The book transforms from this college fantasy of sort to the evil action which drives the second half of the book. Richard finds out that Henry and the gang (minus Richard and Bunny) got really high on drugs and essentially killed an innocent man in the process while they were unaware of what was going on. Bunny figures it out shortly after and pressures Henry (the leader of the bunch and richest) to take him to Italy before spending essentially all his money in a blackmail attempt to get back at Henry. However, their friendship is strained and it reaches a point where Henry returns home and worries the group that Bunny might tell of their murder to the police. Richard finds out soon after and this leads to the group deciding the best route is to murder Bunny in what will be an apparent hiking incident. The rest of the book focuses on how the group sort of comes crashing down as a result of the death of Bunny. While from the outside the group seemed to be doing “okay”, on the inside this group of students unraveled to a point where Charles (one of the main characters) attempts to murder Henry, but instead shoots Richard (who lives) and leads to Henry killing himself instead. During this time period of the book and the results of the death of Bunny really leads the reader to see the more “negative” sides of the characters during this portion. This is where we really get a glimpse into who Richard is and how he reacts to the frequently immoral actions of his friends. One drawback of the book is that while for the most part it seems fairly realistic of what a college student’s life could be like, this second part has so many areas that seem difficult to believe would happen. 3 deaths (in like 2 months or less) just seemed to me to be a bit much

The beauty of this book is that the author creates these characters in this group who from the outside looking in are viewed as intelligent, wealthy, attractive, normal college aged-students. While everything may look normal to the outsiders of the book, it is interesting to see how Richard and the group attempt to mask their unraveling from Julian and the people closest to them who are unaware of what is happening. I think this is the part of the book that can resonante with not only college aged people, but anyone who decides to read this book. We all deal with complex issues in life and many of us choose to hide our issues from others and I think this book deals really well with showing this aspect of the story. Furthermore, the book combines elements that everyone can relate too, which is one of the most important things to me in a book as I enjoy reading something where I feel like I can relate to the character’s or the story. Lastly, the book combines all of this with an exciting plot which keeps readers engaged, strong character develoopment that are likeable even after the horrors they commit, dialogue which drives the stories, and mystery/action that helps enhance the book.

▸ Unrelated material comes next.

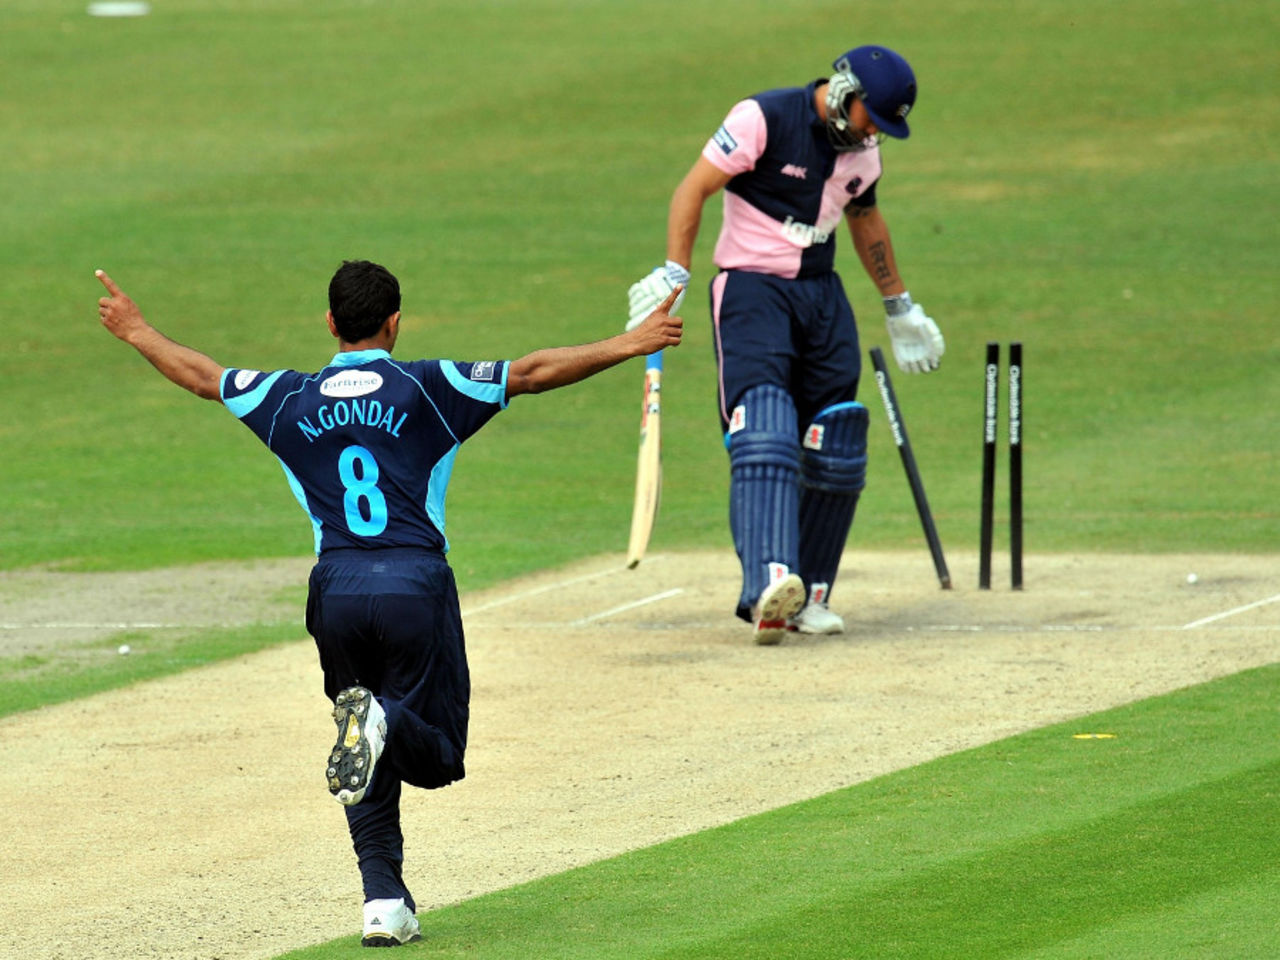 Scott Newman was bowled by Naved Arif as Middlesex lost early wickets, Sussex v Middlesex, CB40, Hove, May 8, 2011

Overall, this book is a fantastic read for anyone interested in seeing what college life was like during the 80s but are interested in stories of friendship, murder, action, etc. This story esentially covers anything a good story needs and was a fantastic read. While at times it can seem rather long (around 600 pages), it is well worth the time invested and was one of the better books I’ve read over the last years. I’m glad to share my thoughts on this book and hope some of you get a chance to read it. I’m currently reading Principles by Ray Diallo, which I should be finished with in the next week or so and am excited to talk about that one. Hope you all enjoyed this post!

 

 

 

One thought on “The Secret History by Donna Tartt

  1. I am a huge Gatsby fan, so relating Nick Carraway with the narrator compells me to dive into this book and fall in love with the liberal art 80’s. Great piece!